Max de Ligt

Personal information
- Date of birth: 20 July 2004 (age 22)
- Place of birth: Utrecht, Netherlands
- Height: 1.89 m (6 ft 2 in)
- Position: Centre-back

Team information
- Current team: Sparta Rotterdam

Youth career
- Feyenoord Academy
- 2015–2022: FC Utrecht
- 2022–: Sparta Rotterdam

Senior career*
- Years: Team / Apps / (Gls)
- 2023–: Jong Sparta Rotterdam / 75 / (3)
- 2024–: Sparta Rotterdam / 0 / (0)

= Max de Ligt =

Dutch footballer (born 2004)

Max de Ligt (born 20 July 2004) is a Dutch professional footballer who plays as a centre-back for Sparta Rotterdam, where he also represents Jong Sparta Rotterdam.

== Club career ==

=== Youth career ===
De Ligt began his football development in the youth academy of Feyenoord. In 2015, he joined the youth setup of FC Utrecht, where he played for several youth teams before moving to the academy of Sparta Rotterdam in 2022.

=== Senior career ===
From the 2022–23 season onwards, De Ligt became part of Jong Sparta Rotterdam, the reserve side competing in the Tweede Divisie. He quickly established himself as a regular starter in defence.

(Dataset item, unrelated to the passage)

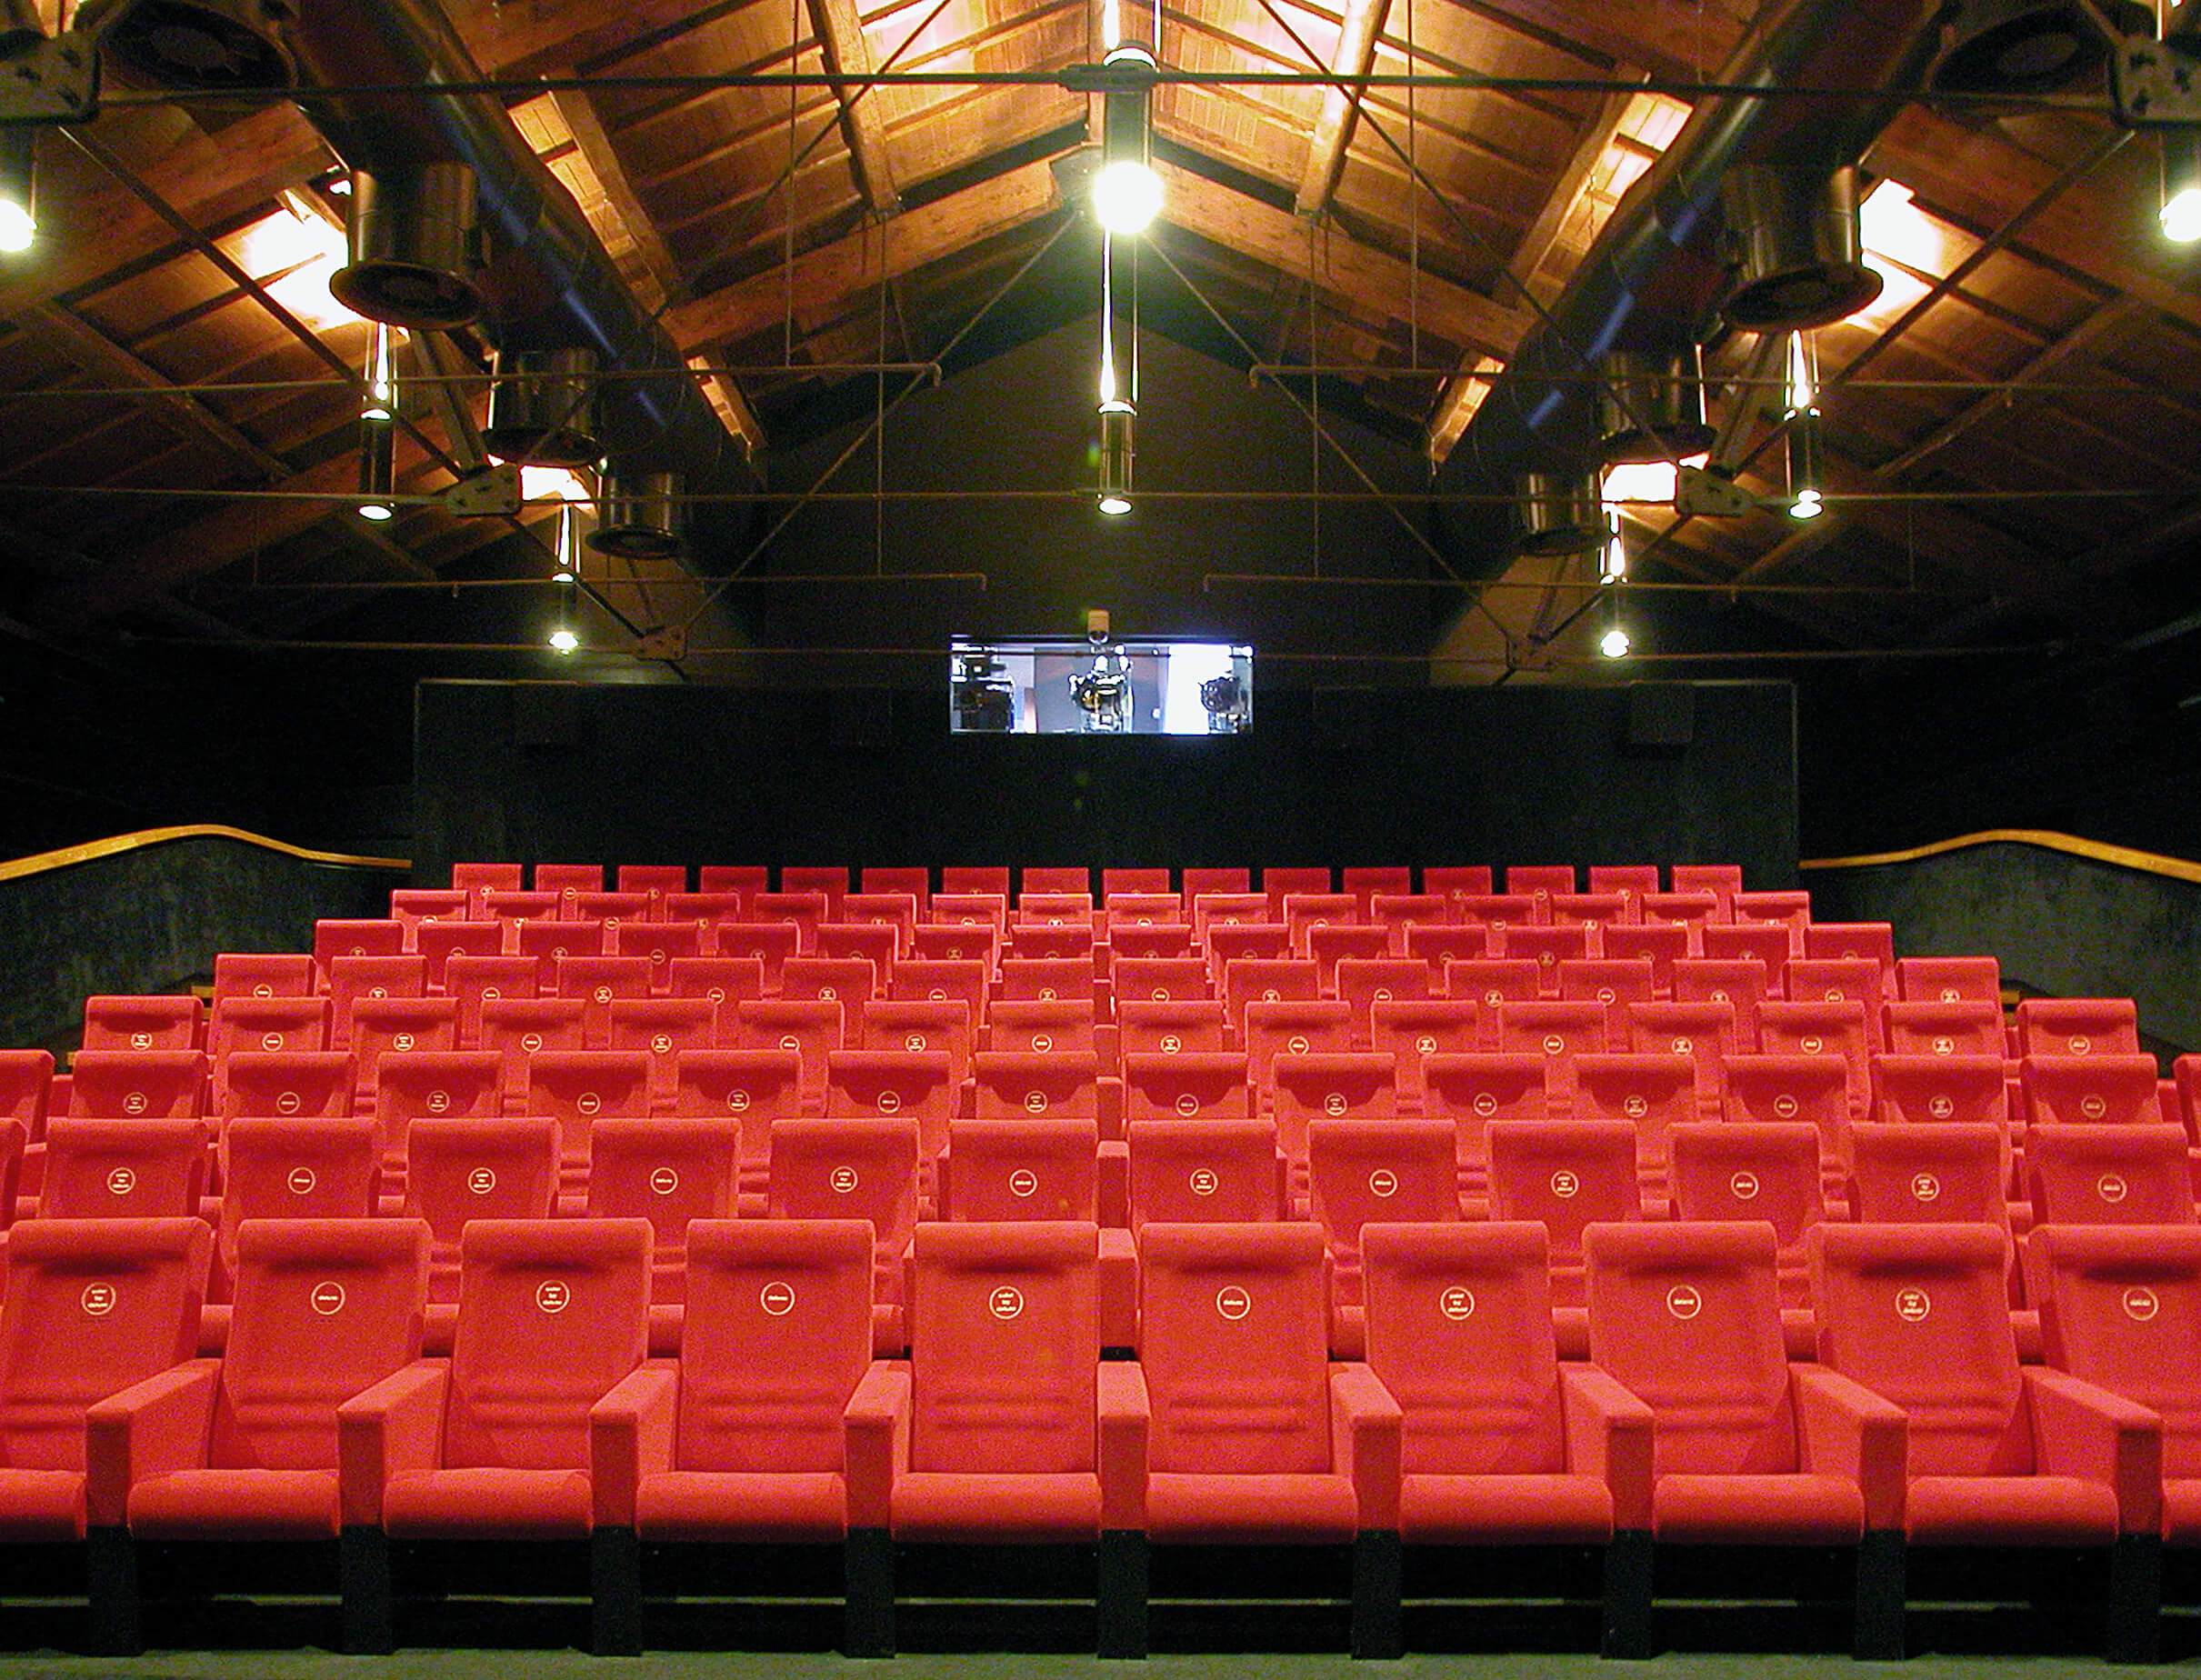 Sala cinema casa del cinema tappezzeria d 39 arredamento - Sala cinema in casa ...

On 5 April 2024, De Ligt signed his first professional contract with Sparta Rotterdam until mid-2026, with an option for an additional year, which was later activated.

On 18 December 2024, De Ligt made his first-team debut for Sparta Rotterdam in a KNVB Cup match against Go Ahead Eagles. He came on during extra time, as Sparta were eventually eliminated after a penalty shoot-out.